The findings by Crum et al. (2013) using the Stress Mindset Measure tool support the idea that how we think and speak about our stress matters. It is not the stress itself that is linked to negative outcomes, but our perceptions of stress that are most damaging. Rather than saying, “This stress is going to kill me,” try saying, “I am feeling this stress. I will give myself some time to unwind before approaching my next task.” We often respond to our stressors as threats or challenges instead of opportunities to grow or change. Yet when we change our outlook and view stress more positively, we can begin to take back control and handle stressors in healthier ways.

When I shared the topic of my next book with someone, I told them it was about how to stress wisely. Laughing in a doubtful tone, they said, “Can that be done?” Stress is a wicked problem, yet I wholeheartedly believe that there is a way we can all learn how to be well in this unwell world.

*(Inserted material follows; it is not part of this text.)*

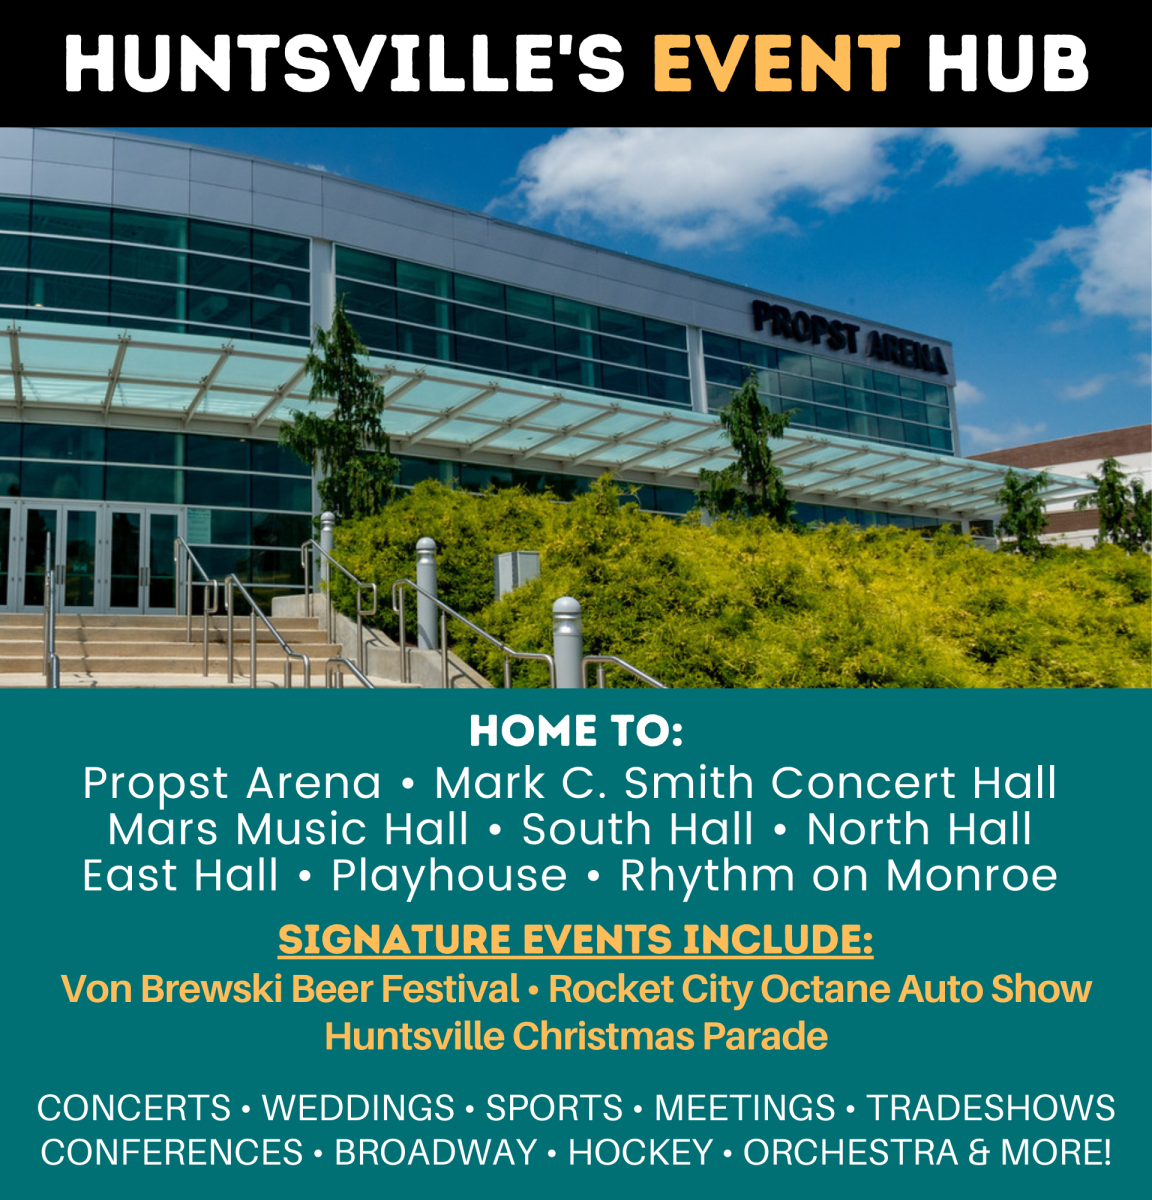 Huntsville's Event Hub

Stress permeates every aspect of our lives. We will never be able to outthink stress or run far enough away from it, nor should we want to. Stress does not have to be the enemy we often make it out to be. By shifting our mindset and learning how to productively and effectively work with it, we can make stress our ally. The story we tell ourselves about our stress matters. How we think about stress matters. Reframing and shifting how you perceive your stress and coexist with your stressors can be transformational for how you live your life and even your biology!

References

Crum, A. J., Salovey, P., & Achor, S. (2013). Rethinking stress: the role of mindsets in determining the stress response. Journal of Personality and Social Psychology, 104(4), 716–733. https://doi.org/10.1037/a0031201

Hanley-Dafoe, R. (2023). Stress wisely: How to be well in an unwell world. Page Two.

McGonigal, K. (2016). The upside of stress: Why stress is good for you and how to get good at it. Penguin Random House.